A good while back I put forward the idea of using SQLAlchemy Core in
Django [1]. Having had more experience working with SQLAlchemy, I'm
putting that idea forward as a formal proposal, as I mentioned in a more
recent thread here.

Apologies in advance for the length! I've included a few 'TL;DR'
summaries and headings in the different sections which you might want to
scan first.

=== Proposal ===

We should re-write our query generation code to use SQLAlchemy Core.
This includes DDL queries as well as DML (e.g. CREATE TABLE as well as
SELECT, INSERT etc).

This would also involve replacing our database connection objects with
SQLAlchemy's. In this proposal, our high-level ORM, with model
definition and query API, would remain the same - we wouldn't be using
the SQLAlchemy ORM.

This is a "Django 2.0" proposal i.e. not immediate future, and not fully
backwards compatible.

=== Background - Django 2.0 philosophy ===

TL;DR: "evolution not revolution, some backwards incompatibilities"
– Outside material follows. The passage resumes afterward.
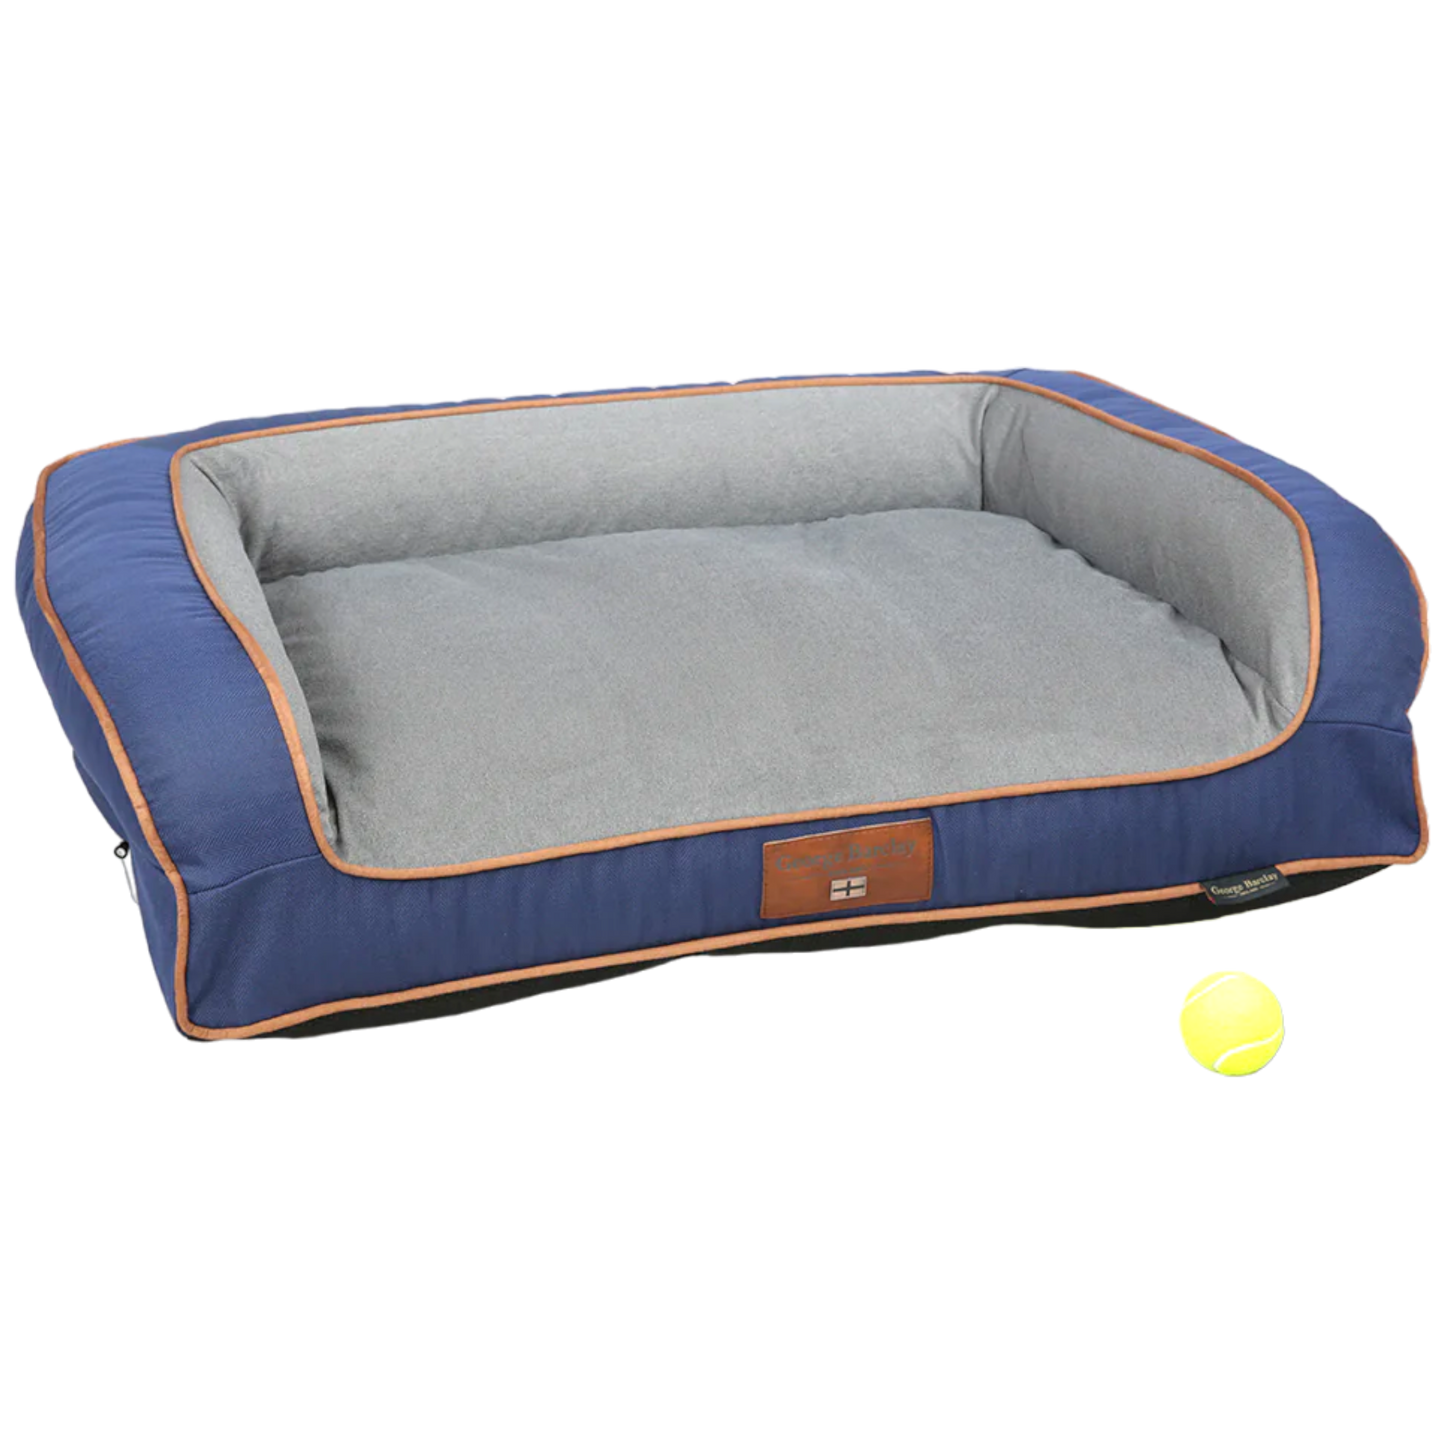 George Barclay Savile Dog Sofa Bed - Mariner's Blue
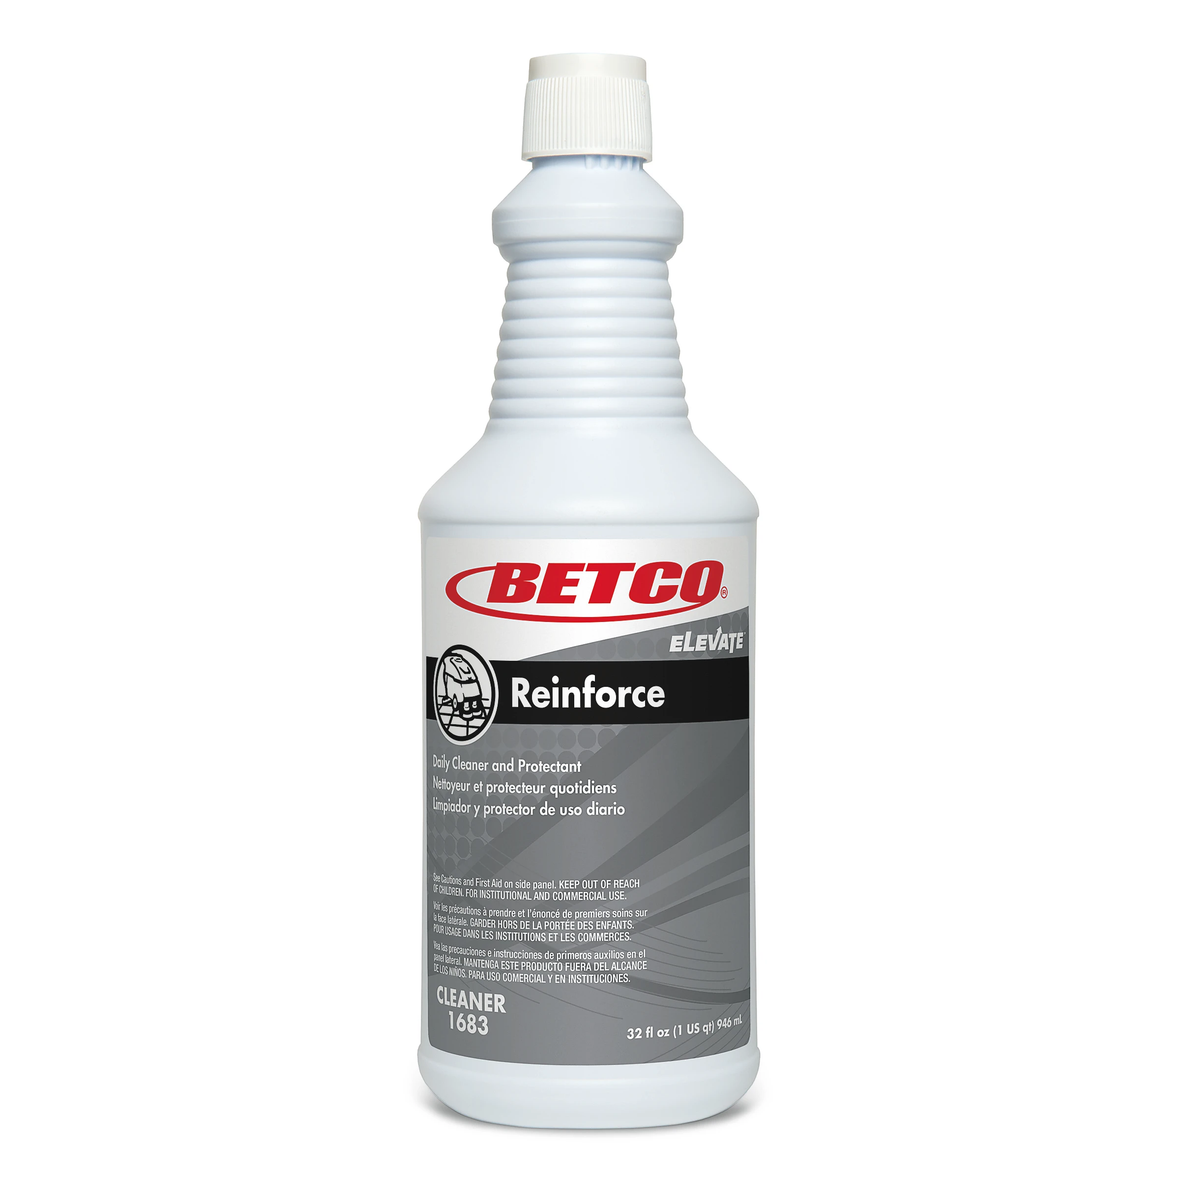 Betco Elevate Reinforce Cleaner, Citrus Scent, 32 Oz Bottle, Case Of 12

Although we haven't really discussed the timing of Django 2.0, or its
philosophy, I think we should be doing. My own assumption is that it
should be evolution, not revolution, similar to Python 3, where we break
stuff that has dogged us in the past, and will hamper us going forward,
but don't make radical changes where not necessary. This proposal fits
that basic assumption.

Also, in Django to date we've eschewed external dependencies. That has
been partly due to the poor and confusing state of Python packaging,
which is hopefully improving. I think it will make us a very poor Python
citizen if we don't reverse this policy at some point, and Django 2.0 is
an obvious point to do it.

This proposal does not represent a move away from being a 'full stack'
framework. "Full stack" does not mean "no dependencies".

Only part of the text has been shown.